Consider the relation $R \subseteq \Bbb Z \times \Bbb Z$ given as $$R = \{(x,y) \in \Bbb Z \times \Bbb Z \mid xy >0 \textrm{ or } x=y=0\}.$$ Prove that R is an equivalence and write down its equivalence classes.
Can anybody tell me how do I approach a task like this in general?
$[0] = \{0, 1, 4, 9\}$ for $xy>0$ would be my approach.
But then, what about $[1]$ for example?
I would like to see an example, let's say with $xy > 1$ or $xy>2$, as I am honestly a little bit lost (first time doing that kind of stuff) and my literature hasn't any kind of example for that, other than some theoretically stuff.
Thanks in advance everyone!
To get you started: you are correct that $R$ must be symmetric, transitive, and reflexive.

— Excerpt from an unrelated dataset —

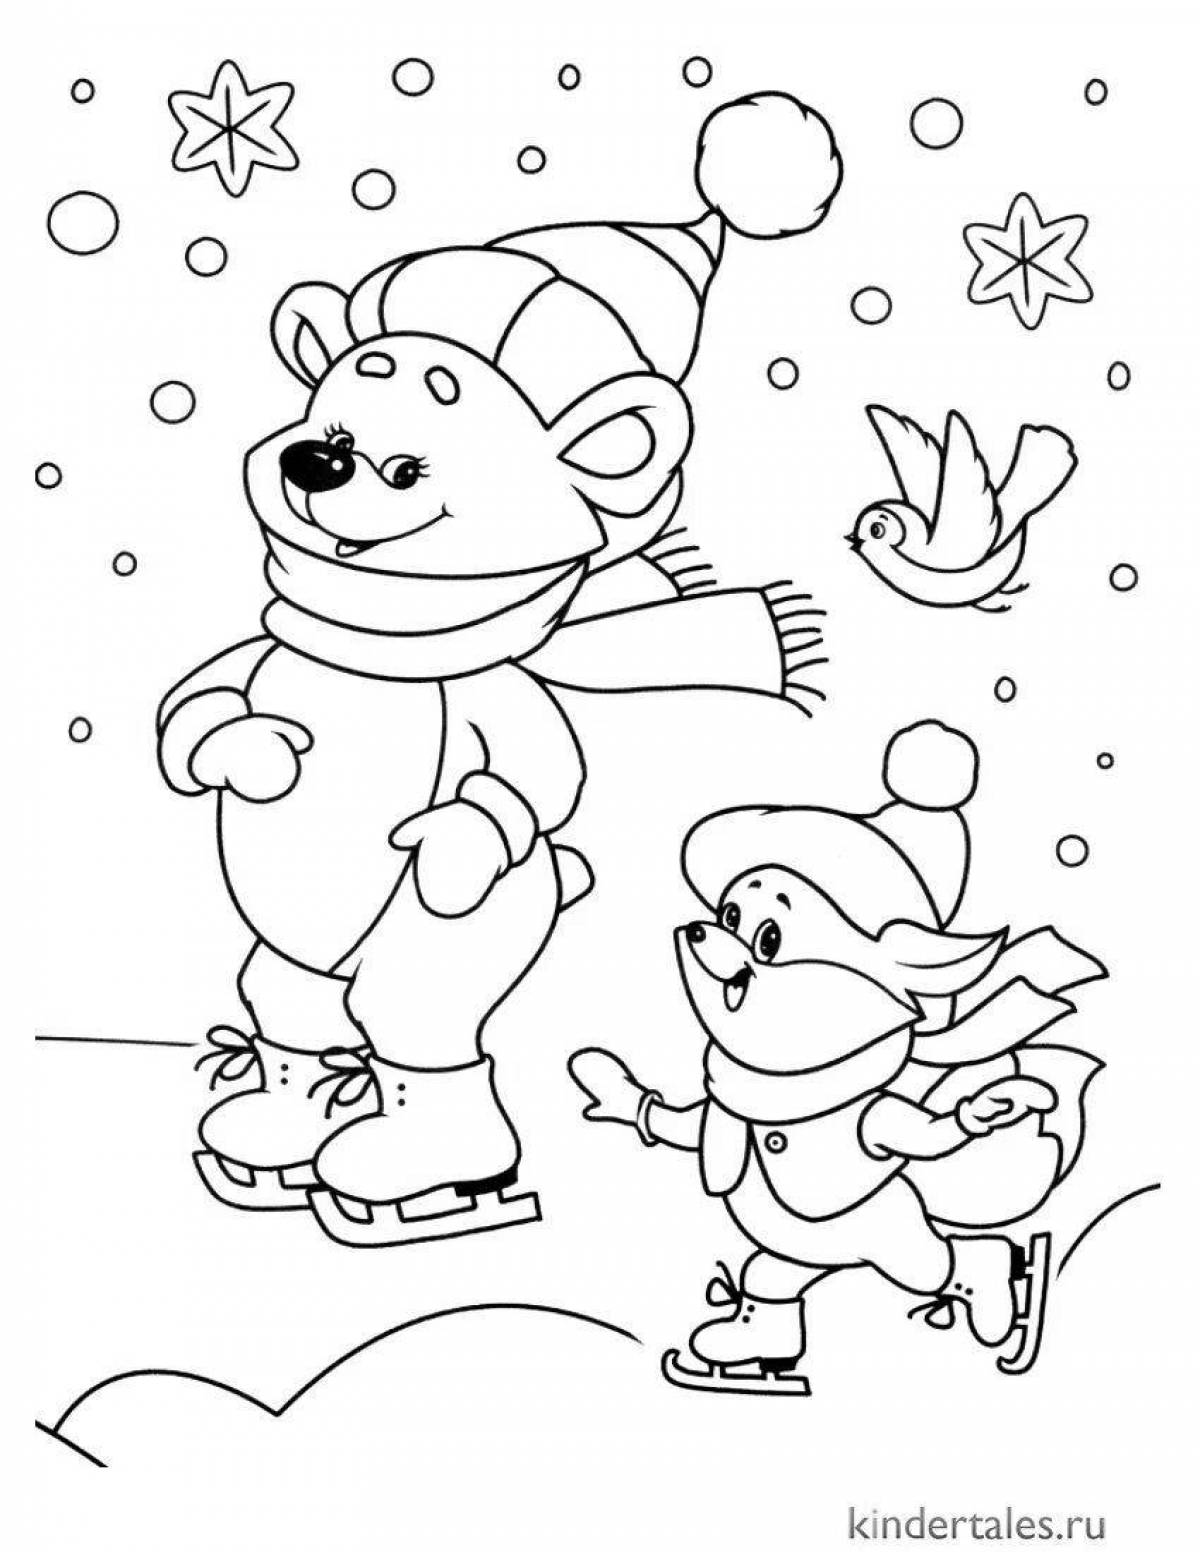 Adorable winter coloring book for kids

Prove these one at a time. Here's symmetry, for example:
Suppose that $(x,y) \in R$. Then (by definition of $R$), $xy>0$ or $x=y=0$. In the first case, since $xy=yx$ for all real numbers $x,y$, then $yx>0$. In the second case, $y=x=0$. Therefore $yx>0$ or $y=x=0$, so $(y,x) \in R$.
Now follow the same kind of reasoning for transitivity and reflexivity.
Once you've established that, figure out the classes. Take $x=0$, for example. For what $y$ do we have $(x,y)\in R$? That would require $xy>0$ or $x=y=0$. But $xy>0$ is impossible since $x=0$, so we must have $y=0$. In other words, $[0] = \{0\}$, which is to say that $0$ is the only element in its class. What happens if you do the same thing with $x=1$? What other number remain after this?
Finally, to give you an idea of why this might not work with other relations, let's change $xy>0$ to $xy>1$: let $S = \{(x,y) \in \Bbb Z \times \Bbb Z \mid xy >1 \textrm{ or } x=y=0\}.$
If this were an equivalence relation, it would be reflexive: that is, for every $x\in \Bbb Z$, we would have $x^2 > 1$ or $x=0$. This fails for $x=1$. (Exercise: is this relation transitive? symmetric?)